L’AVENUE DE LA MOTTE-PICQUET



Cette avenue prend en écharpe le boulevard de Latour-Maubourg et l’avenue de la Bourdonnaye et relie les Invalides au Champ de Mars.

Bien que l’on ait tenté de la rajeunir et de la rehausser par le prestige de bâtisses fraîchement maquillées au blanc de plâtre et emphatiquement coiffées de chapeaux à la mode en zinc, cette avenue reste, en somme, composée d’un assemblage de maisonnettes à un, à deux, à trois étages, de frugales maisonnettes qui regardent avec les yeux âgés de leurs vitres le radotant spectacle de longs plumeaux, plantés, sur le trottoir, le manche en bas, dans des cuvettes de terre couvertes d’une roue en fonte.

Çà et là, parmi ces bicoques, de caducs hôtels, habités par des officiers et par des filles et flanqués derrière leur corps de logis de jardins à guinguettes visibles par la claire-voie des portes, insèrent un faible parfum d’entremetteuse dans la fade odeur de province que l’avenue répand.

Deux boutiques insistent plus particulièrement sur l’aspect vieillot et retiré de cette voie. L’une est un débit de tabac auquel on accède par quelques marches et qui porte sur son fronton un jean-Bart fumant une énorme pipe près d’un baril qu’il désigne impérieusement, tout en lui tournant le dos, avec un doigt.

Ce débit, résumé au dehors par des carottes de tôle rouge, blasonnées de cartes en éventail et de pipes peintes, n’arbore point ces articles dont se parent les habituelles vitrines des marchands modernes. Ni oeufs d’écume griffés par une patte d’oie, ni cigares enflés, creux comme des canons, ni pipes en bruyère au tuyau de corne recourbé tel qu’une canule, pas même le vénérable Jacob dont le gosier dc terre s’emmanche en un conduit de bois — rien, aucun article pour fumeur, dans l’unique montre, mais seulement les indices d’une buvette de village, signifiés par d’uniformes litres indifférents aux liqueurs variées qui les emplissent, par de vulgaires et anciens litres de marchands de vins.
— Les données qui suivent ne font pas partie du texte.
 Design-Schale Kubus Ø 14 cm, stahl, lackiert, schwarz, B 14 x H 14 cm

L’autre boutique est une pharmacie installée dans une échoppe à un étage, surmontée de tuiles et précédée d’un perron sans rampe de quatre marches. Ici encore, aucune des somptuosités contemporaines. Cette pharmacie ne bombe pas ces gros yeux fulgurants dont les éblouissantes lueurs attirent et réconfortent les malades confiants dans la promesse d’une ordonnance coûteuse et vaine; elle ne projette pas non plus les feux rouges et verts de ces lumineuses carafes dont s’enorgueillissent les plus humbles des droguistes; elle se borne à faire passer sur ses carreaux des plaques colorées semblables aux verres des lanternes magiques et, le soir, quand le gaz flambe derrière ces verres et anime la grossière expression de leurs teintes, l’on dirait de cette bicoque un hôtel borgne avec sa trébuchante porte à sonnette et la sournoise illumination de ses vitres louches.
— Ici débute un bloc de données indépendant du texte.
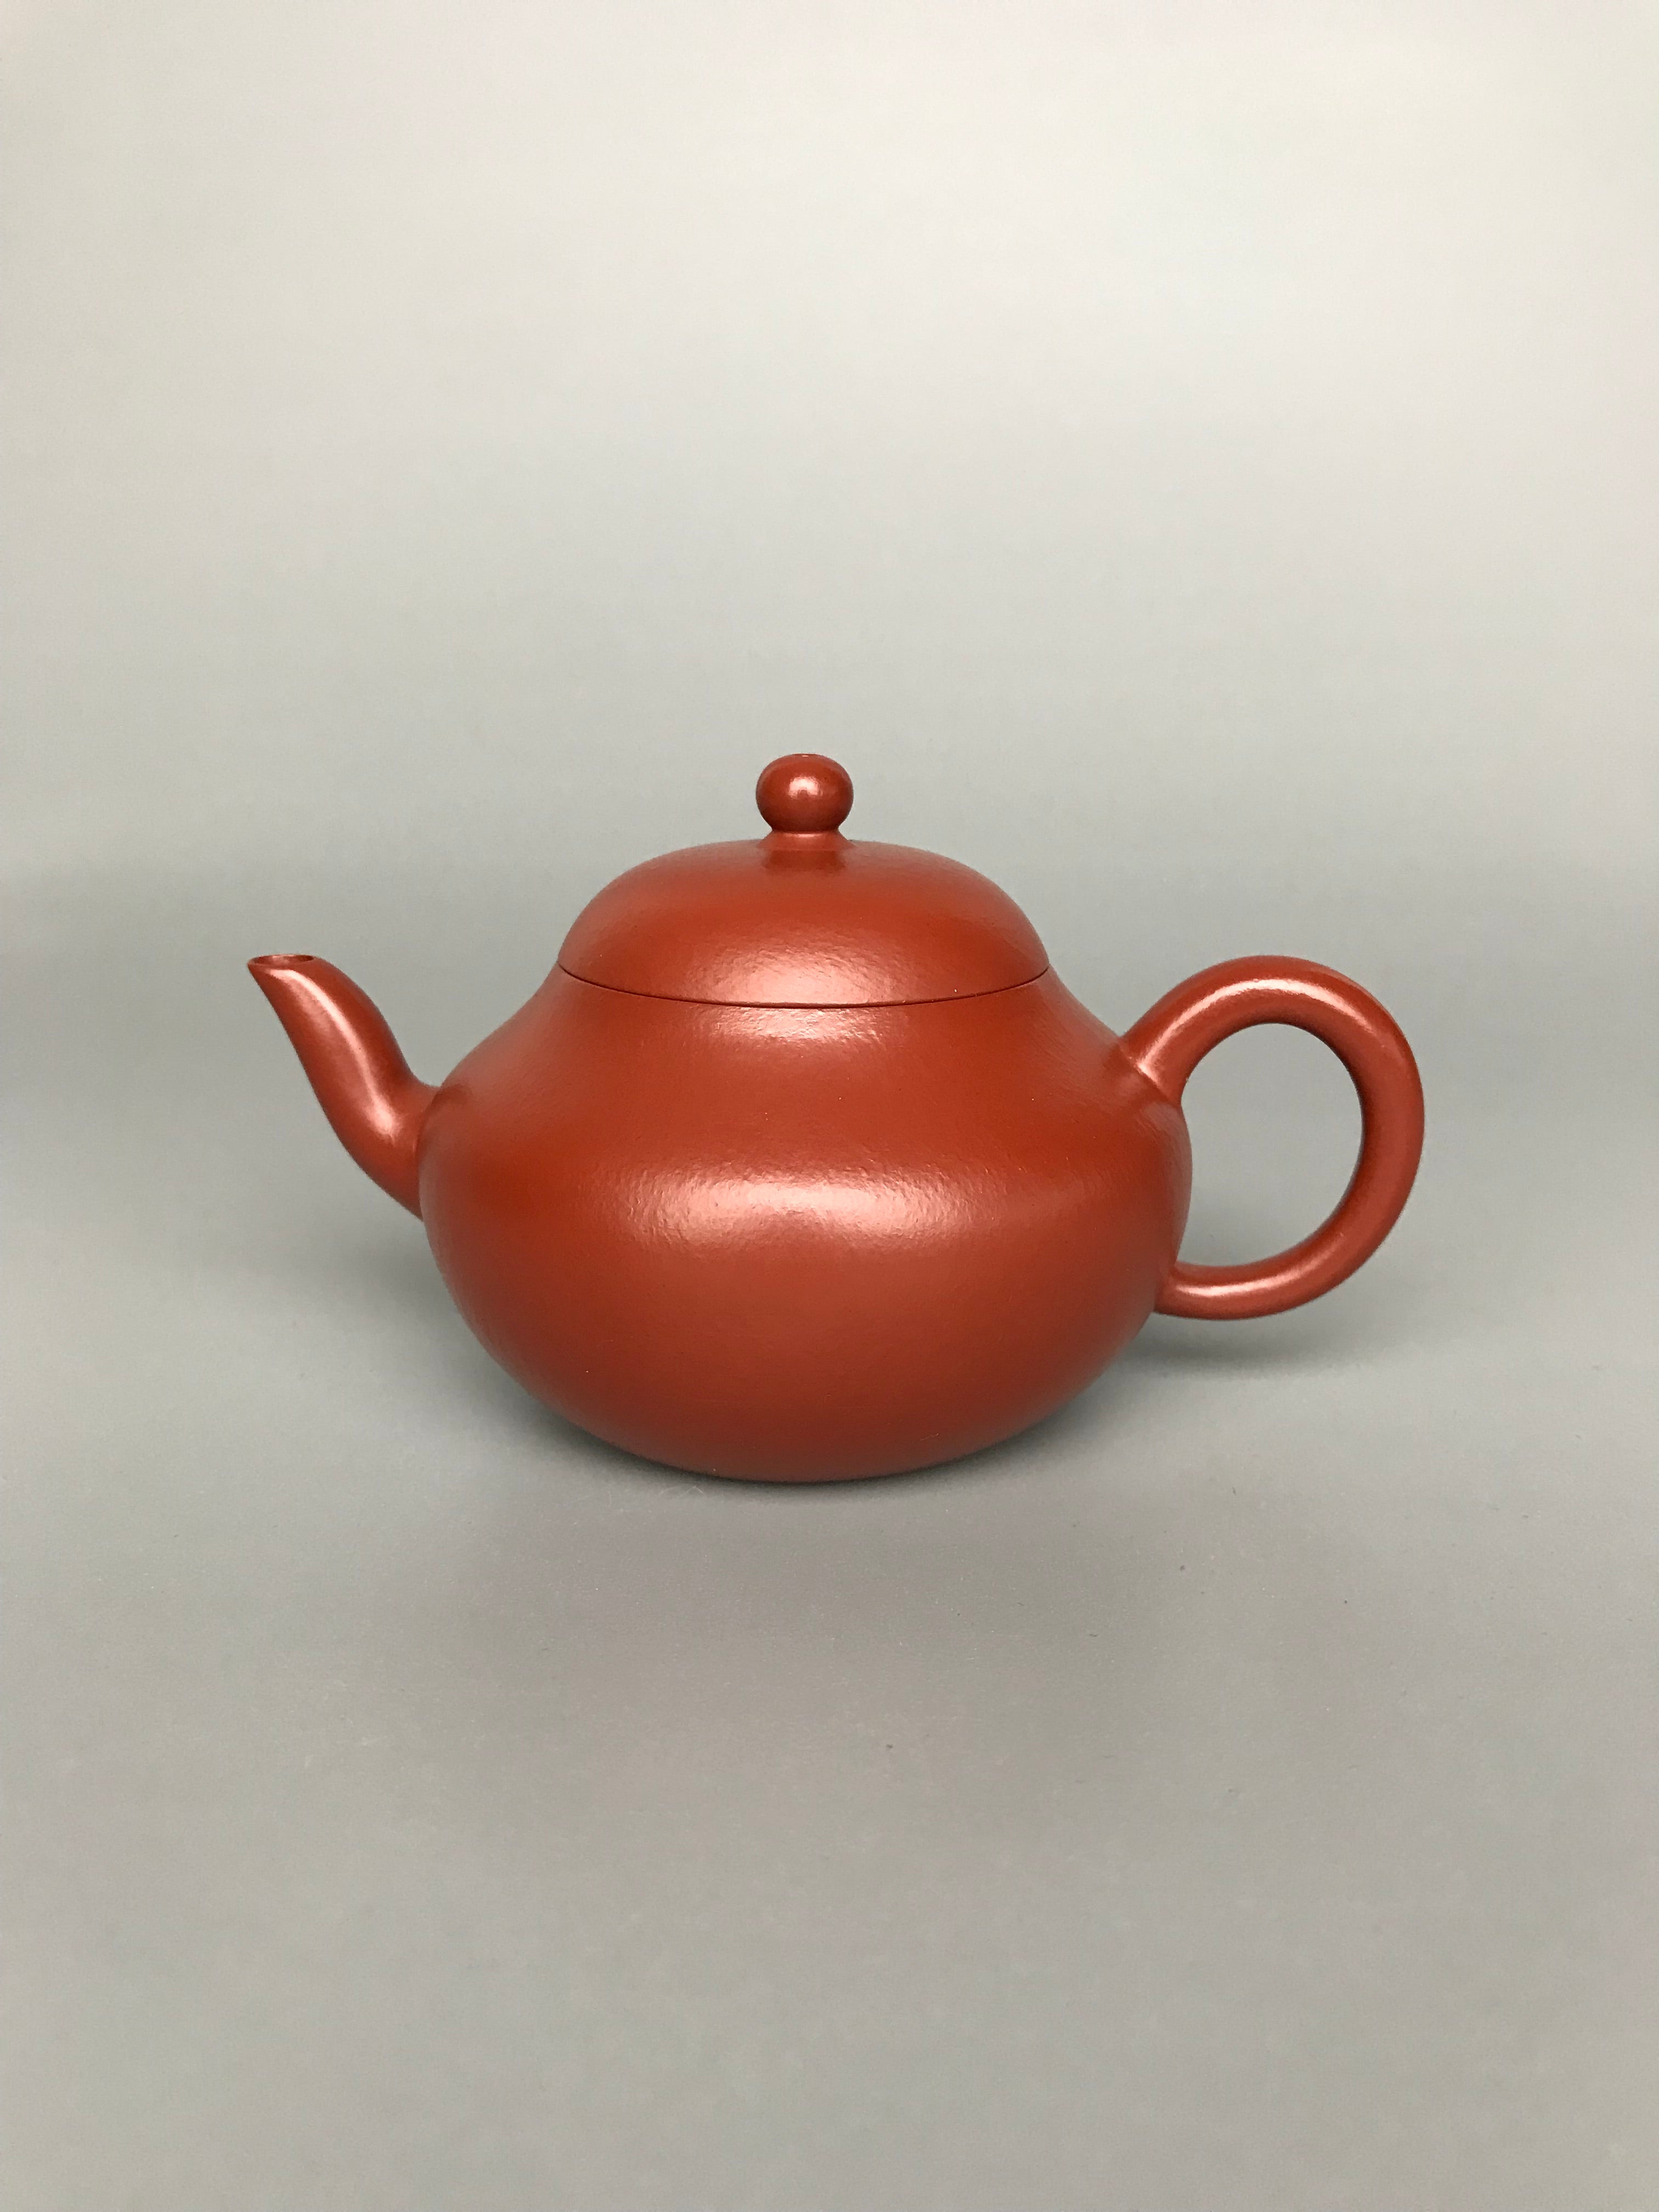 Siyutao teapot the Li Xing full handcraft 150ml yixing teapot

Dans le jour, la vue de ces deux montres nous reporte en arrière, à plus de vingt ans; près d’un tableau qui énumère, inscrit, avec une encre effacée, le prix des remèdes, s’entassent des peaux de chats pour les douleurs, se dressent des bocaux remplis, les uns de pelotes herniaires, les autres de doubles réservoirs tricotés de fil; puis çà et là quelques flacons dans lesquels se lovent des tnias pareils à des nouilles cuites, quelques boîtes mal portantes et mal vêtues, quelques misérables fioles sans chapeau de papier tendre, sans cravate de fil rose, sans aucun de ces futiles agréments dont la moderne pharmacie les pare.

Forcément, devant ce magasin, l’on songe à une paysannerie de médicaments surannés, à une roture de potions pauvres.

Mais sur ce fond de province indigente cl arriérée vient se greffer le militarisme du camp qui l’avoisine.

L’élément militaire s’insinue par de petits cabarets à l’usage des troupes et s’affirme complètement par des librairies, par des bric-à-brac, par des cafés.

Les librairies jouent l’austérité et la distinction; elles revêtent la robe noire, la garniture aux tons mitoyens, la tenue moyenne d’un demi-deuil, en accord avec les fastidieuses et stériles matières qu’elles détiennent; et ici encore, l’on reconnaît les ajustements prétentieux et démodés d’une petite ville, les contraintes élégances d’une toilette mal assortie et mal portée.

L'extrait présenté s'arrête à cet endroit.